In short
- A brand new examine reveals LLMs can mimic human buy intent by mapping free-text solutions to Likert scores by semantic similarity.
- Technique achieved 90% of human check–retest reliability on 9,300 actual survey responses.
- The examine raises questions on bias, generalization, and the way far “artificial shoppers” can stand in for actual folks.
Neglect focus teams: A brand new examine discovered that enormous language fashions can forecast whether or not you need to purchase one thing with hanging accuracy, dramatically outperforming conventional advertising instruments.
Researchers on the College of Mannheim and ETH Zürich have discovered that enormous language fashions can replicate human buy intent—the “How doubtless are you to purchase this?” metric beloved by entrepreneurs—by remodeling free-form textual content into structured survey information.

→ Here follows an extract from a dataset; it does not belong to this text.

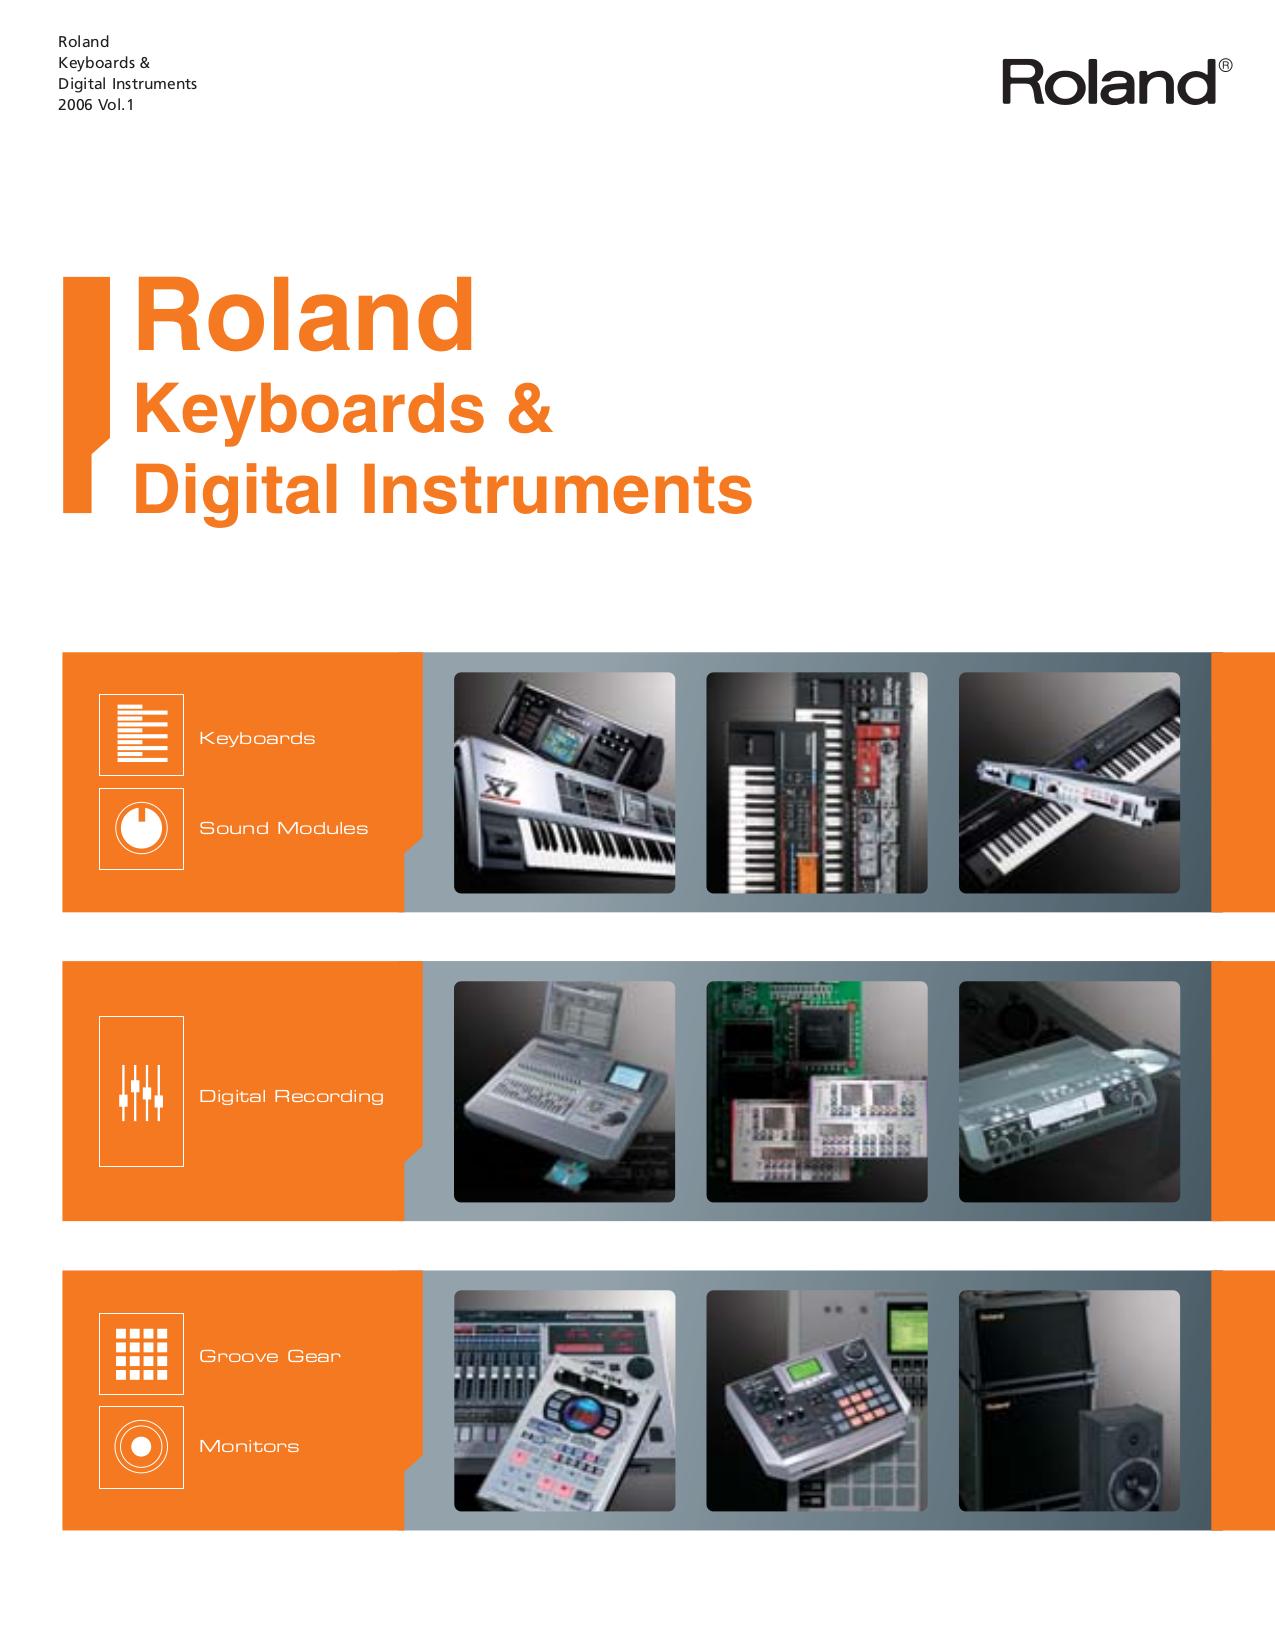 Download free pdf for Roland GW-7 Music Keyboard manual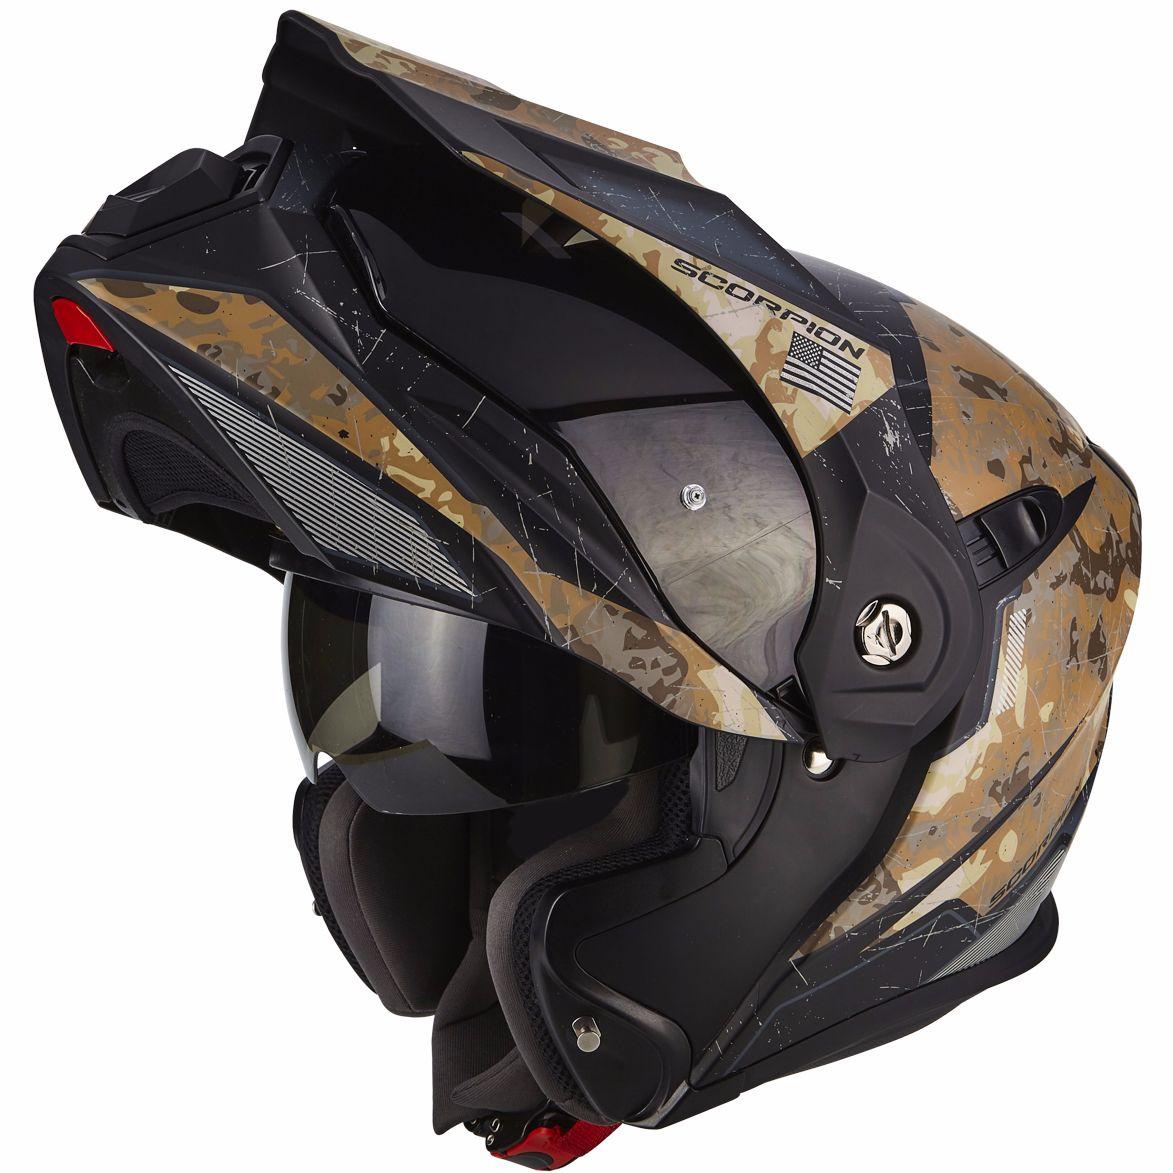 casque scorpion exo adx 1 battleflage casque modulable. Black Bedroom Furniture Sets. Home Design Ideas

In a paper printed final week, the crew launched a way referred to as “Semantic Similarity Ranking,” which converts the mannequin’s open-ended responses into numerical “Likert” scores, a five-point scale utilized in conventional shopper analysis.
Fairly than asking a mannequin to choose a quantity between one and 5, the researchers had it reply naturally—“I’d positively purchase this,” or “Possibly if it had been on sale”—after which measured how semantically shut these statements had been to canonical solutions like “I’d positively purchase this” or “I’d not purchase this.”
Every reply was mapped in embedding area to the closest reference assertion, successfully turning LLM textual content into statistical scores. “We present that optimizing for semantic similarity relatively than numeric labels yields purchase-intent distributions that carefully match human survey information,” the authors wrote. “LLM-generated responses achieved 90% of the reliability of repeated human surveys whereas preserving pure variation in attitudes.”
In exams throughout 9,300 actual human survey responses about personal-care merchandise, the SSR methodology produced artificial respondents whose Likert distributions almost mirrored the originals. In different phrases: when requested to “assume like shoppers,” the fashions did.
Why it issues
The discovering might reshape how corporations conduct product testing and market analysis. Shopper surveys are notoriously costly, gradual, and susceptible to bias. Artificial respondents—in the event that they behave like actual ones—might let corporations display screen hundreds of merchandise or messages for a fraction of the price.
It additionally validates a deeper declare: that the geometry of an LLM’s semantic area encodes not simply language understanding however attitudinal reasoning. By evaluating solutions in embedding area relatively than treating them as literal textual content, the examine demonstrates that mannequin semantics can stand in for human judgment with stunning constancy.
On the similar time, it raises acquainted moral and methodological dangers. The researchers examined just one product class, leaving open whether or not the identical method would maintain for monetary choices or politically charged subjects. And artificial “shoppers” might simply turn into artificial targets: the identical modeling methods might assist optimize political persuasion, promoting, or behavioral nudges.
Because the authors put it, “market-driven optimization pressures can systematically erode alignment”—a phrase that resonates far past advertising.
A observe of skepticism
The authors acknowledge that their check area—personal-care merchandise—is slim and will not generalize to high-stakes or emotionally charged purchases. The SSR mapping additionally will depend on fastidiously chosen reference statements: small wording modifications can skew outcomes. Furthermore, the examine depends on human survey information as “floor fact,” though such information is notoriously noisy and culturally biased.
Critics level out that embedding-based similarity assumes that language vectors map neatly onto human attitudes, an assumption that will fail when context or irony enters the combination. The paper’s personal reliability numbers—90% of human test-retest consistency—sound spectacular however nonetheless depart room for vital drift. Briefly, the tactic works on common, nevertheless it’s not but clear whether or not these averages seize actual human variety or just replicate the mannequin’s coaching priors.
The larger image
Educational curiosity in “artificial shopper modeling” has surged in 2025 as corporations experiment with AI-based focus teams and predictive polling. Comparable work by MIT and the College of Cambridge has proven that LLMs can mimic demographic and psychometric segments with reasonable reliability, however none have beforehand demonstrated an in depth statistical match to actual purchase-intent information.
For now, the SSR methodology stays a analysis prototype, nevertheless it hints at a future the place LLMs won’t simply reply questions—however symbolize the general public itself.
Whether or not that’s an advance or a hallucination within the making remains to be up for debate.
Typically Clever E-newsletter
A weekly AI journey narrated by Gen, a generative AI mannequin.